**Task goal**
Give all of the data below again exactly, and drop the images.

**Data excerpt**

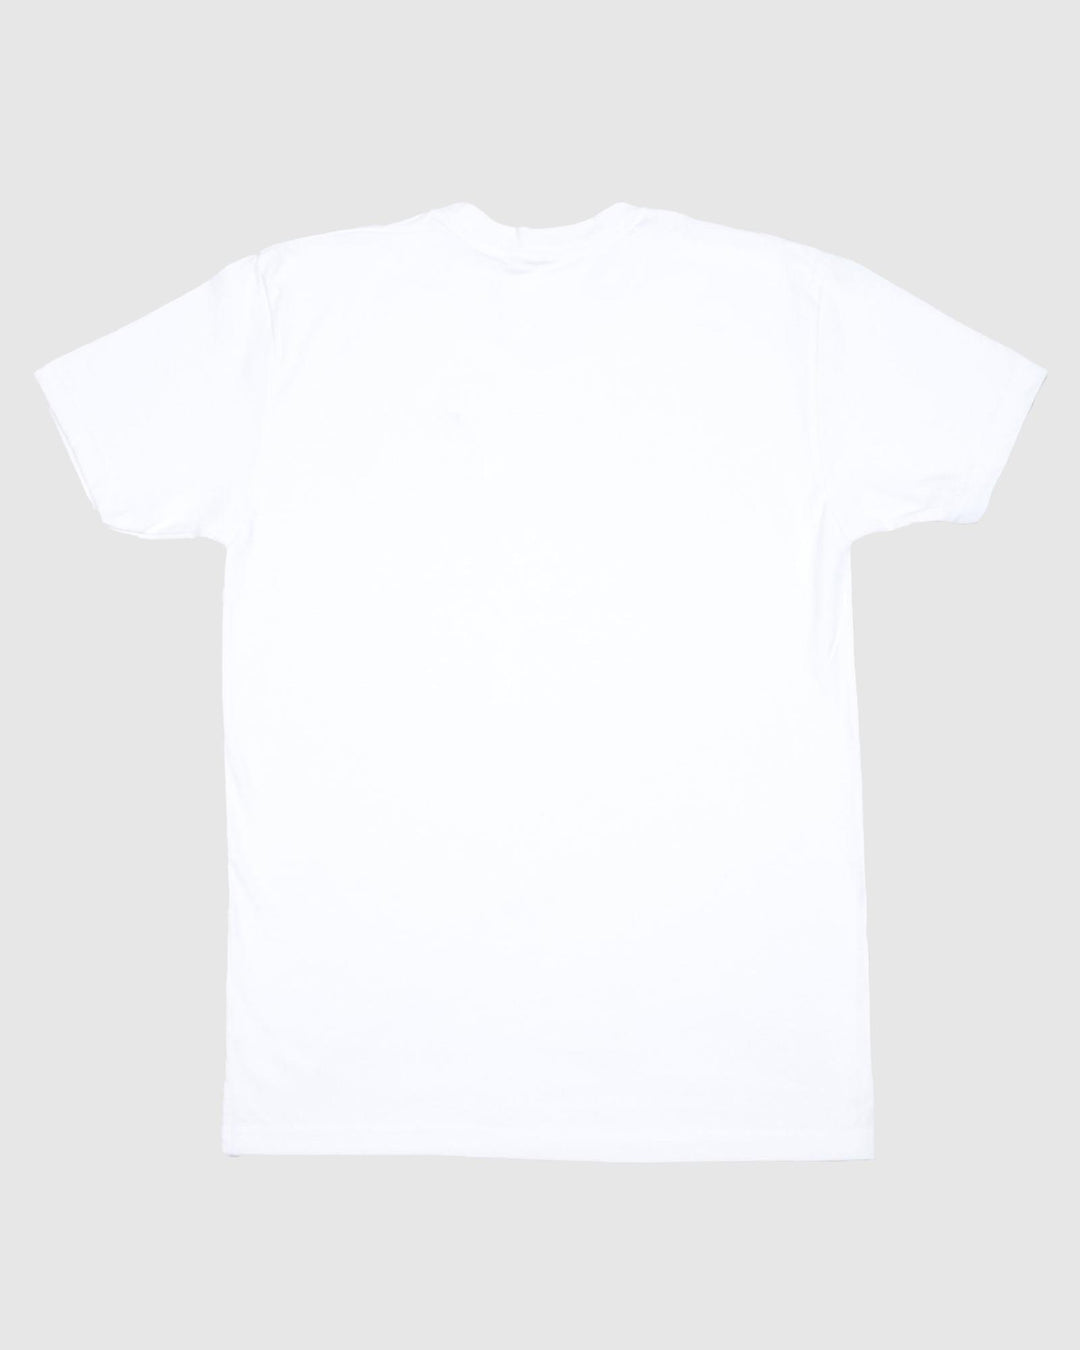 Back of white t-shirt
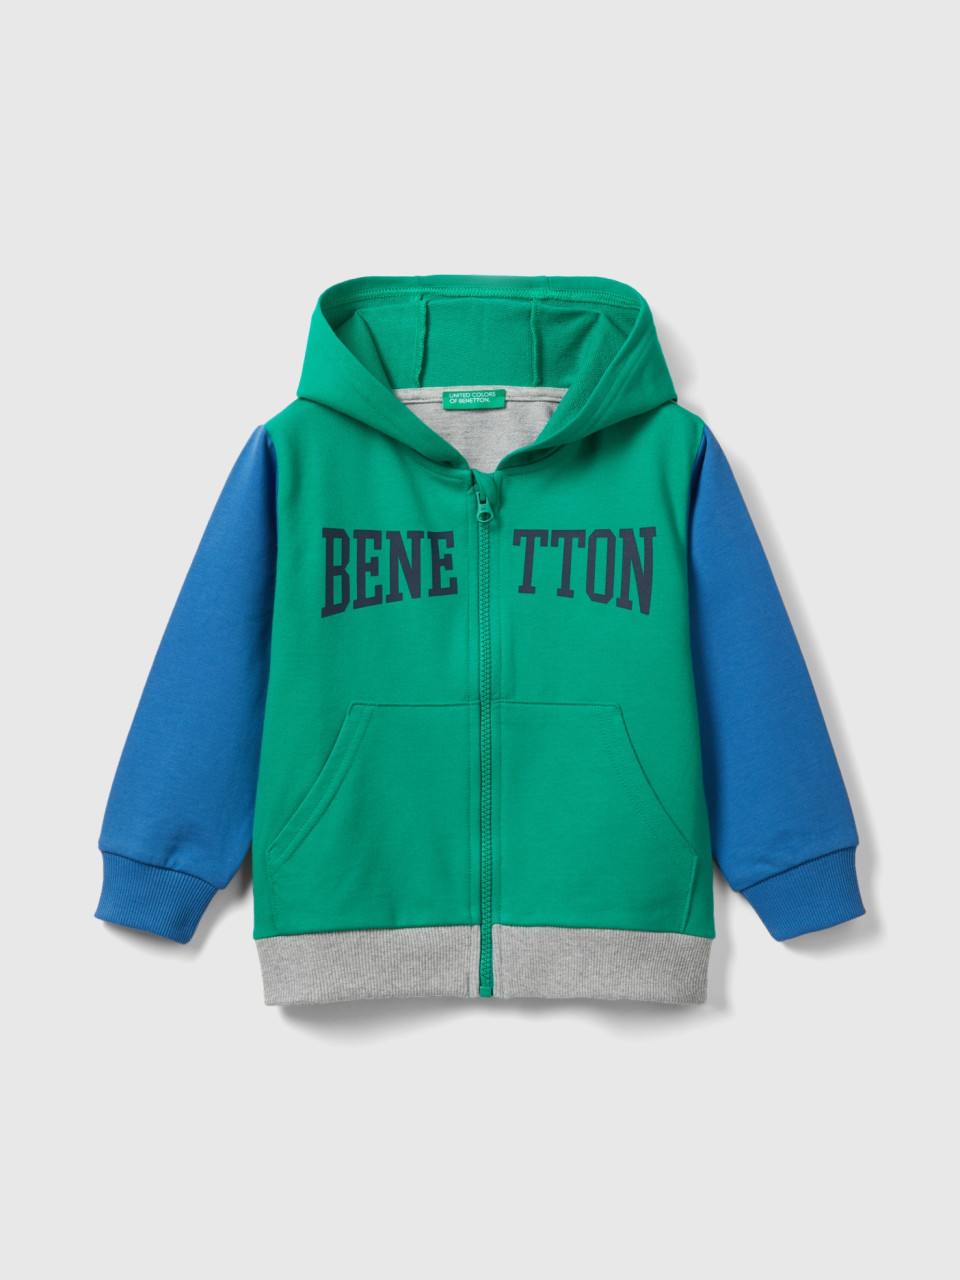 Benetton, Lightweight Sweatshirt With Zip, Multi-color, Kids
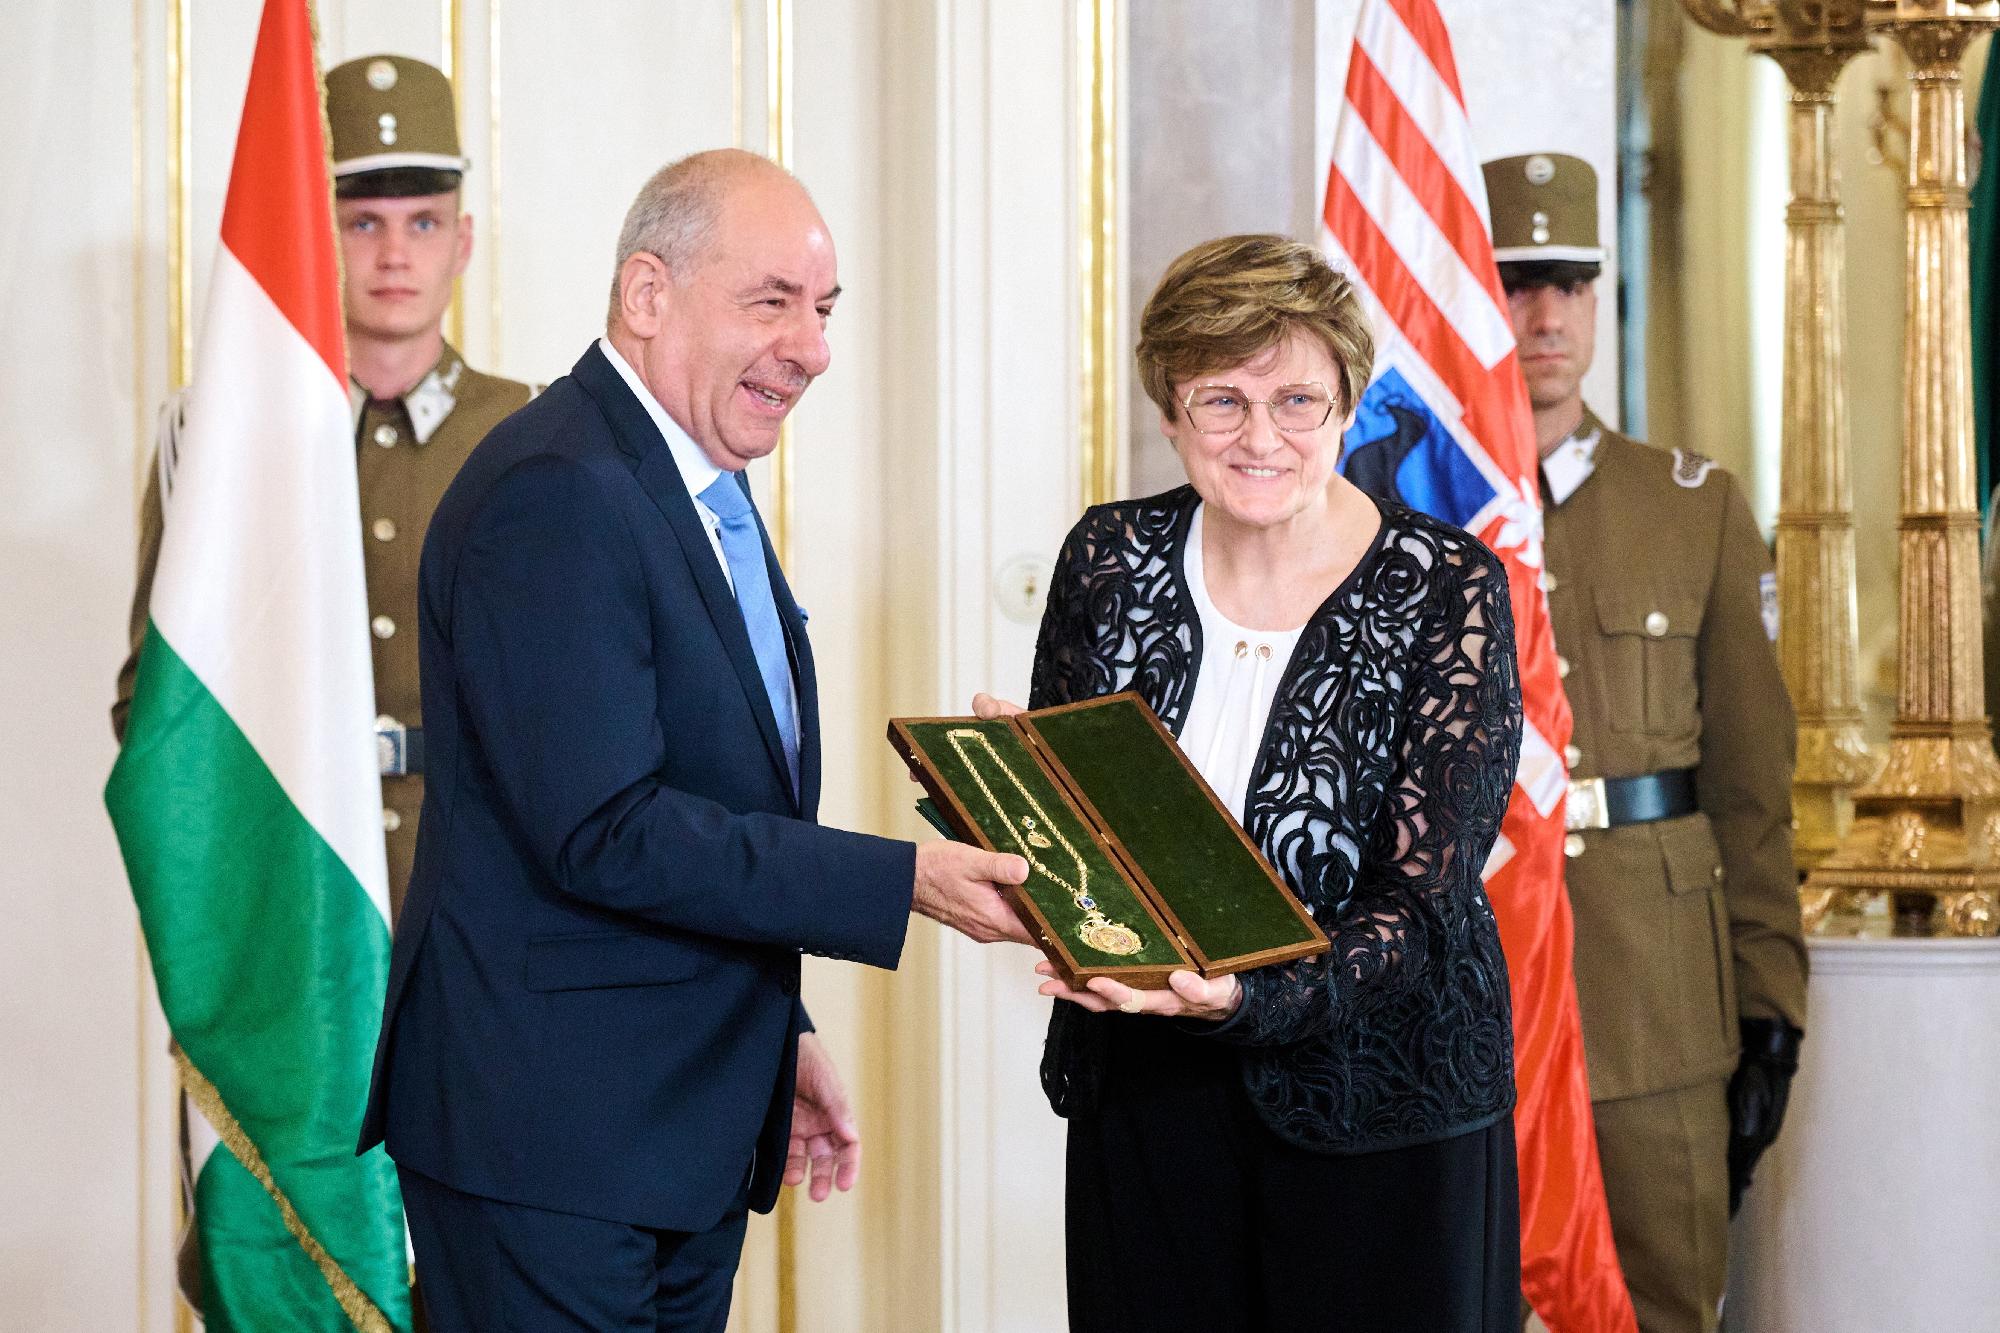 Újabb magas rangú kitüntetésben részesült a két magyar Nobel-díjas tudós

**Output for this exercise**
 Back of white t-shirt
 Benetton, Lightweight Sweatshirt With Zip, Multi-color, Kids
 Újabb magas rangú kitüntetésben részesült a két magyar Nobel-díjas tudós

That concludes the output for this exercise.